┏━━

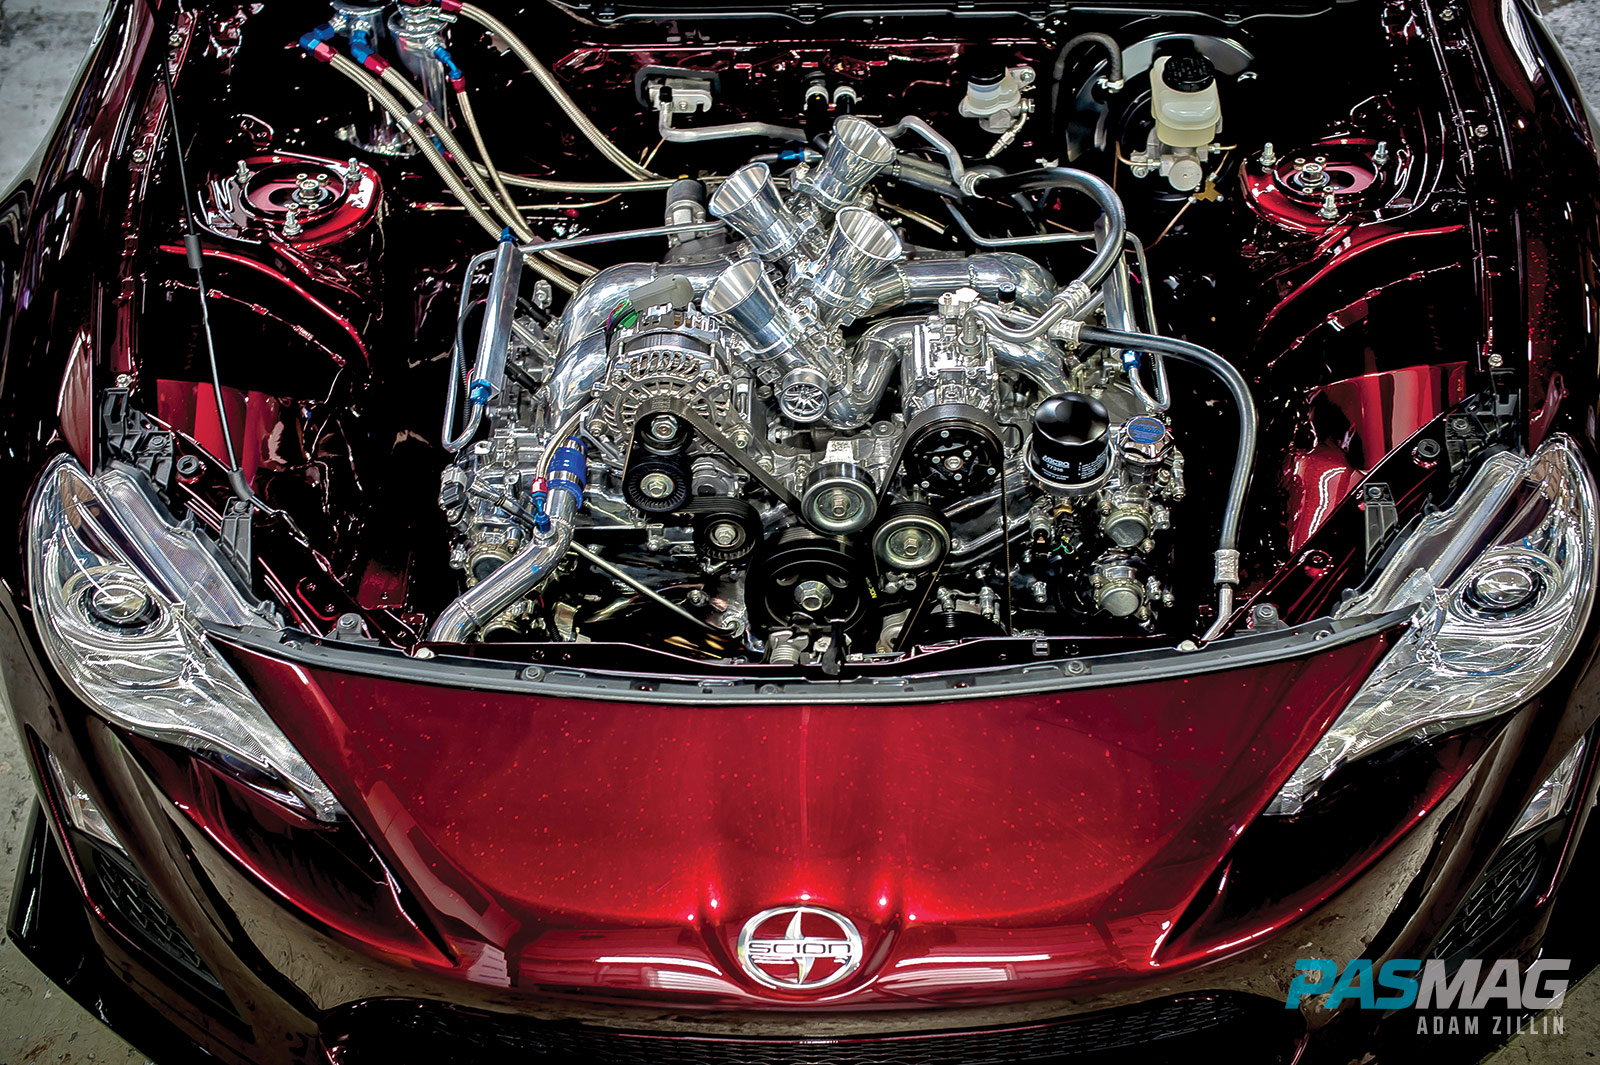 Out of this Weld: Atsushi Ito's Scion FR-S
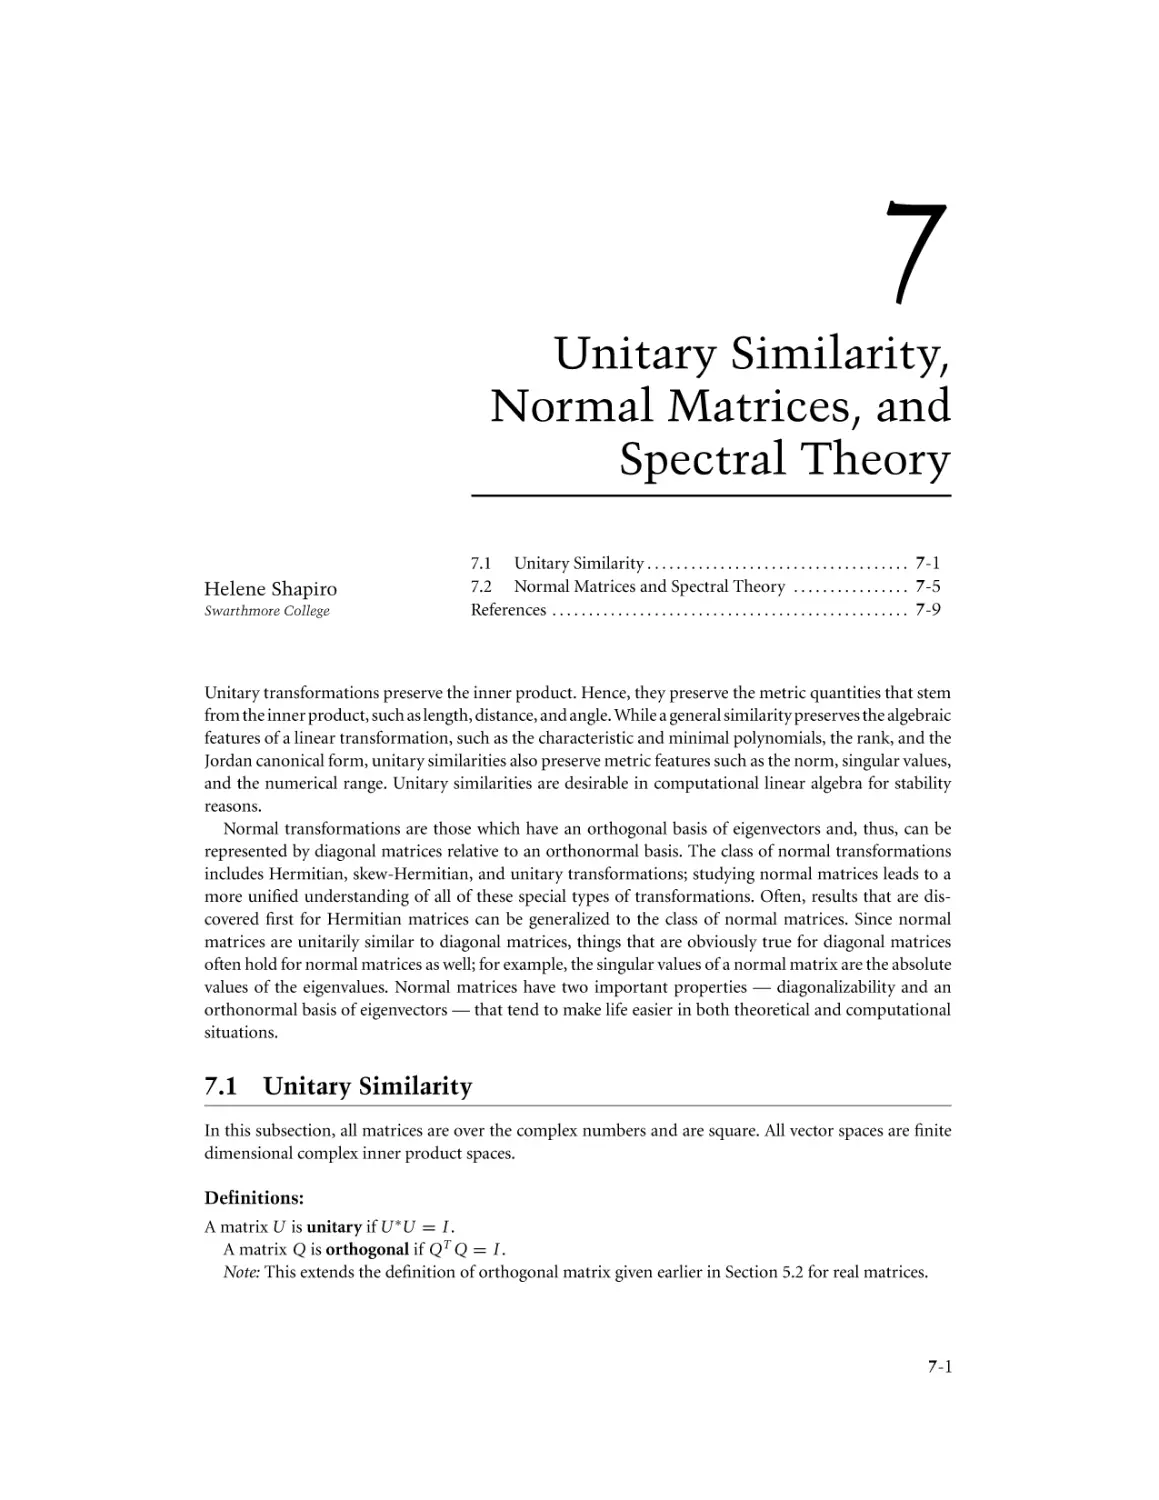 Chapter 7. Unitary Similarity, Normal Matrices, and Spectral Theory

┗━━
┏━━

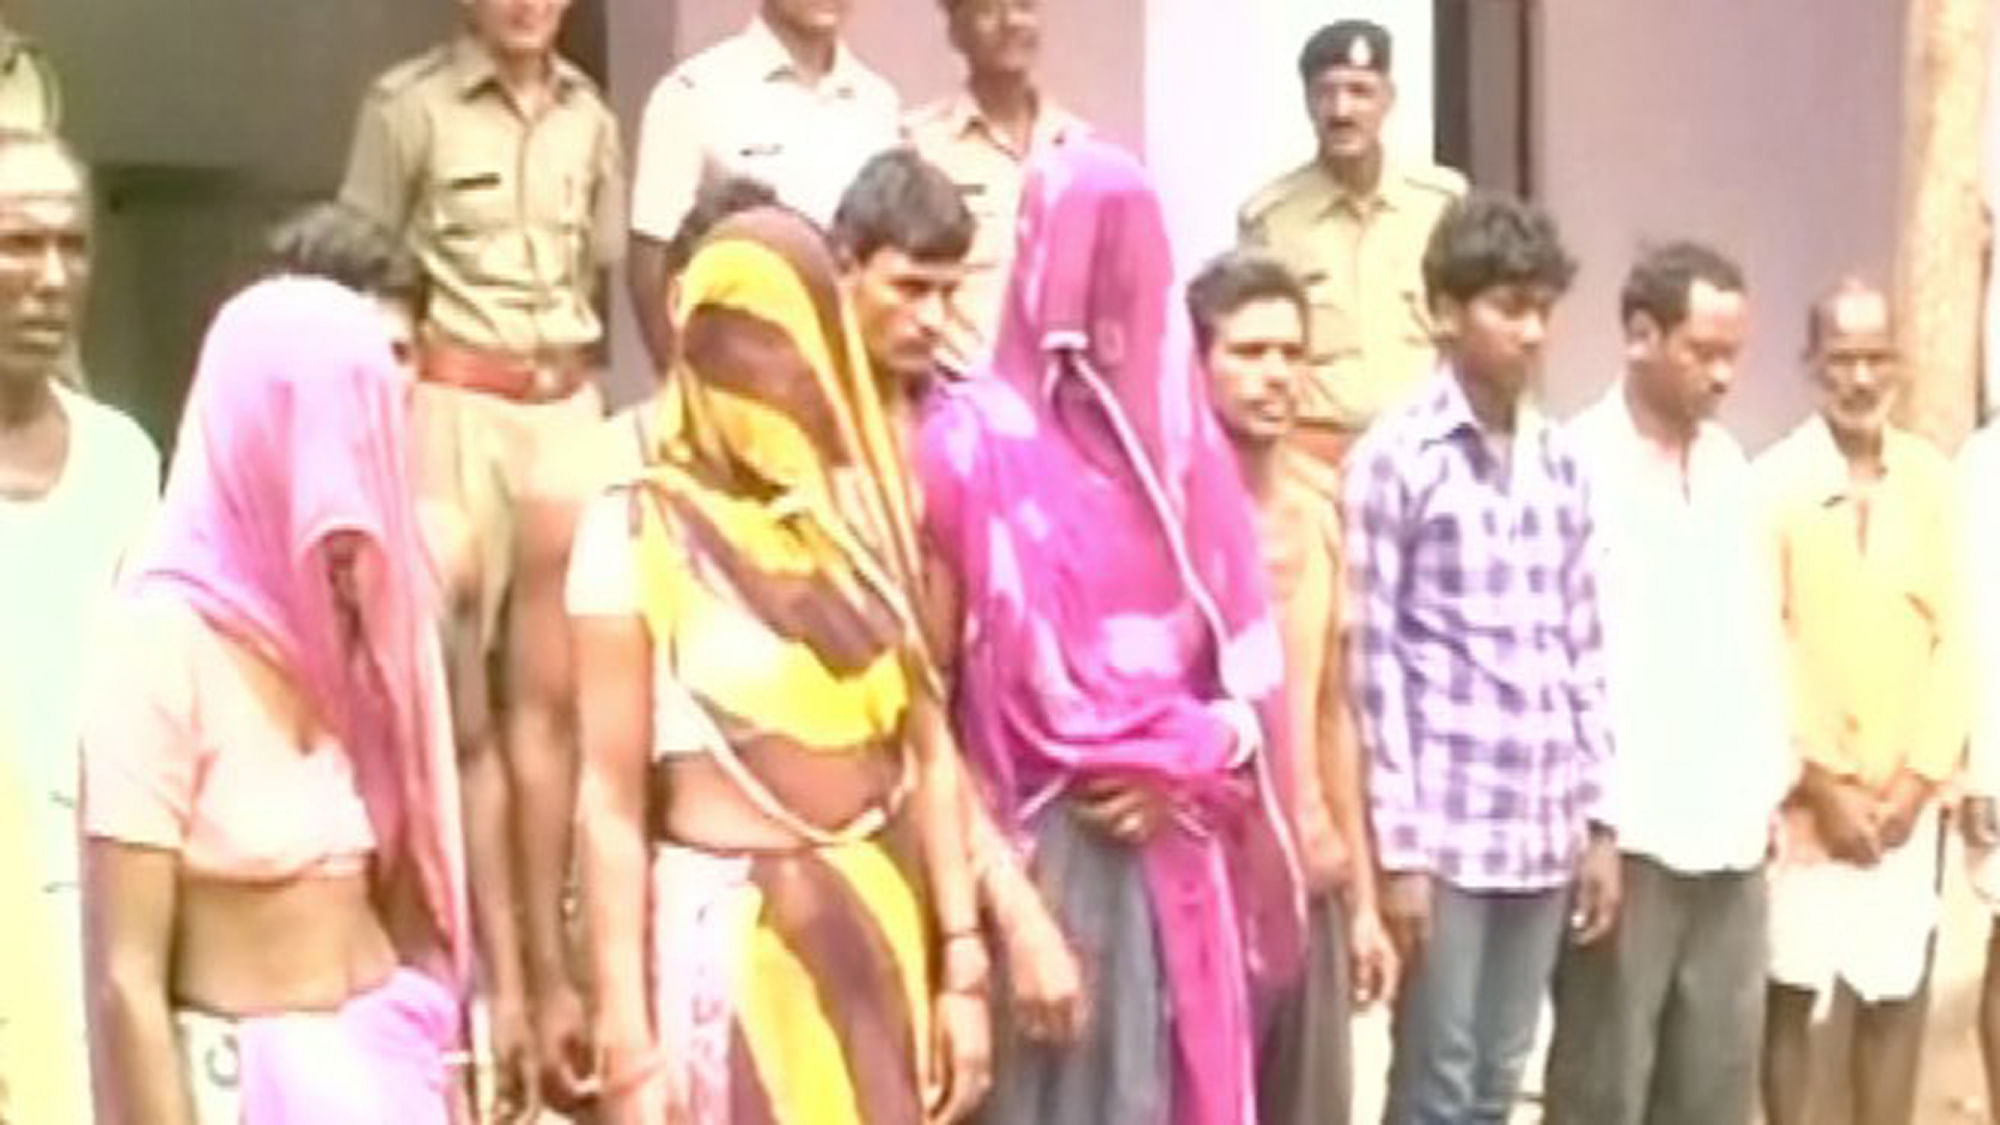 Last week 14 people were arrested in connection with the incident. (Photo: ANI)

┗━━

[Task to complete] Where a picture appears in the records above, omit it, and transcribe exactly the stretch of lines from the one with "Out of this Weld: Atsushi Ito's Scion FR-S" through the one with "Chapter 7. Unitary".

[Problem solution]
 Out of this Weld: Atsushi Ito's Scion FR-S
 Chapter 7. Unitary Similarity, Normal Matrices, and Spectral Theory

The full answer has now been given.